In The Wall Street Journal, Scott Gottlieb of the American Enterprise Institute rounds up a batch of studies showing that health outcomes for patients covered by Medicaid, the joint federal-state health program for low-income and disabled individuals, are actually worse than those covered by no insurance at all.
• Head and neck cancer: A 2010 study of 1,231 patients with cancer of the throat, published in the medical journal Cancer, found that Medicaid patients and people lacking any health insurance were both 50% more likely to die when compared with privately insured patients—even after adjusting for factors that influence cancer outcomes. Medicaid patients were 80% more likely than those with private insurance to have tumors that spread to at least one lymph node. Recent studies show similar outcomes for breast and colon cancer.
• Major surgical procedures: A 2010 study of 893,658 major surgical operations performed between 2003 to 2007, published in the Annals of Surgery, found that being on Medicaid was associated with the longest length of stay, the most total hospital costs, and the highest risk of death. Medicaid patients were almost twice as likely to die in the hospital than those with private insurance. By comparison, uninsured patients were about 25% less likely than those with Medicaid to have an "in-hospital death." Another recent study found similar outcomes for Medicaid patients undergoing trauma surgery.

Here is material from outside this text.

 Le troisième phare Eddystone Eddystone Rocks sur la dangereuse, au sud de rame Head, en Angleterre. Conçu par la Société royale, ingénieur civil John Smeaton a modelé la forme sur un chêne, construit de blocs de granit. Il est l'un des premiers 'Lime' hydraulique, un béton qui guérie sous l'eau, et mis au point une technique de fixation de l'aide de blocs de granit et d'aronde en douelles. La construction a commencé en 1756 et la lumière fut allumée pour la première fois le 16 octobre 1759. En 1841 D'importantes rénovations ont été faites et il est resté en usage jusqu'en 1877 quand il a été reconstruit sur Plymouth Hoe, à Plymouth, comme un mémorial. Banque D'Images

• Poor outcomes after heart procedures: A 2011 study of 13,573 patients, published in the American Journal of Cardiology, found that people with Medicaid who underwent coronary angioplasty (a procedure to open clogged heart arteries) were 59% more likely to have "major adverse cardiac events," such as strokes and heart attacks, compared with privately insured patients. Medicaid patients were also more than twice as likely to have a major, subsequent heart attack after angioplasty as were patients who didn't have any health insurance at all.

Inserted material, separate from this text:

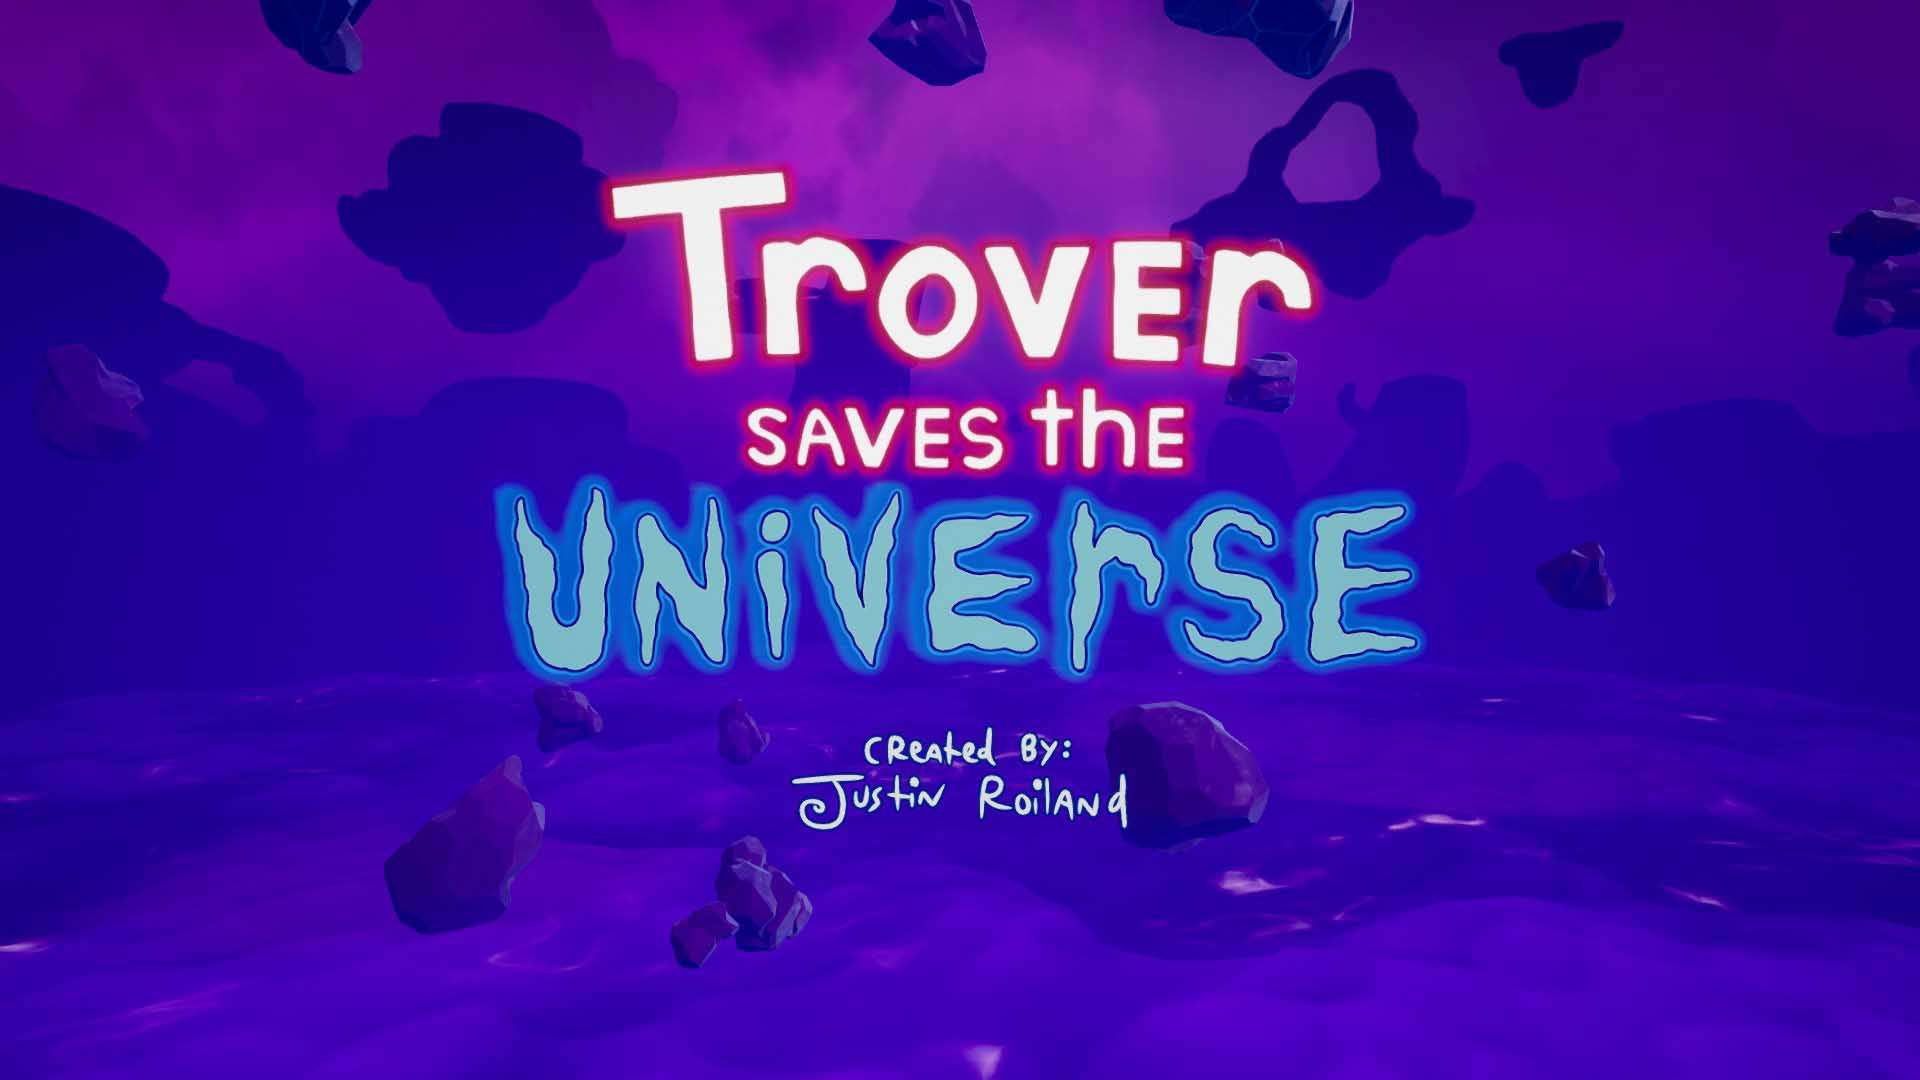 Wiem, że nowe sytuacje mogą być przerażające | Trover Saves the Universe

• Lung transplants: A 2011 study of 11,385 patients undergoing lung transplants for pulmonary diseases, published in the Journal of Heart and Lung Transplantation, found that Medicaid patients were 8.1% less likely to survive 10 years after the surgery than their privately insured and uninsured counterparts. Medicaid insurance status was a significant, independent predictor of death after three years—even after controlling for other clinical factors that could increase someone's risk of poor outcomes.
This should sound familiar to Reason readers: I’ve made similar observations about Medicaid’s health outcomes before, and I think it’s important to look at these studies in the context of Medicaid’s fiscal effects on state and federal government, as well as the recent health care overhaul’s planned expansion of the program: Already the program is wrecking state budgets, but state officials don’t have much flexibility to adjust the program to fit the needs of their states. Instead, thanks to the program’s insistence on matching federal dollars to state spending, they do have an incentive to continually increase the size of the program during times of economic growth. According to a Congressional Budget Office report released this week, block granting the program—as many cash-strapped governors have requested, but as the Obama administration has so far refused to consider—would reduce Medicaid’s cost by an estimated $287 billion over the next decade.
Meanwhile, thanks to the expansion of eligibility called for in the health care law, approximately 16 million additional individuals—and perhaps millions more than that—are expected to end up on Medicaid’s rolls over the next decade. That represents a huge portion of the law’s near-trillion dollar first-decade expense. But if Medicaid’s health benefits are as dubious as these studies seem to suggest, then we’ll be spending a lot of money for a very little in terms of health benefits.
Comparative judgments based on studies like these can be difficult to make with absolute certainty; the research isn't perfect. In particular these studies have a hard time controlling for the negative health effects associated with poverty. And studies do tend to show somewhat greater health effects at the lower end of the income spectrum (which suggests that we should be trimming eligibility rather than expanding it up the income scale). But as Avik Roy has documented in extensive detail, the evidence that, overall, Medicaid coverage correlates with poor health outcomes is fairly strong across numerous studies. How long must we continue to invest hundreds of billions of dollars into a program of such dubious value?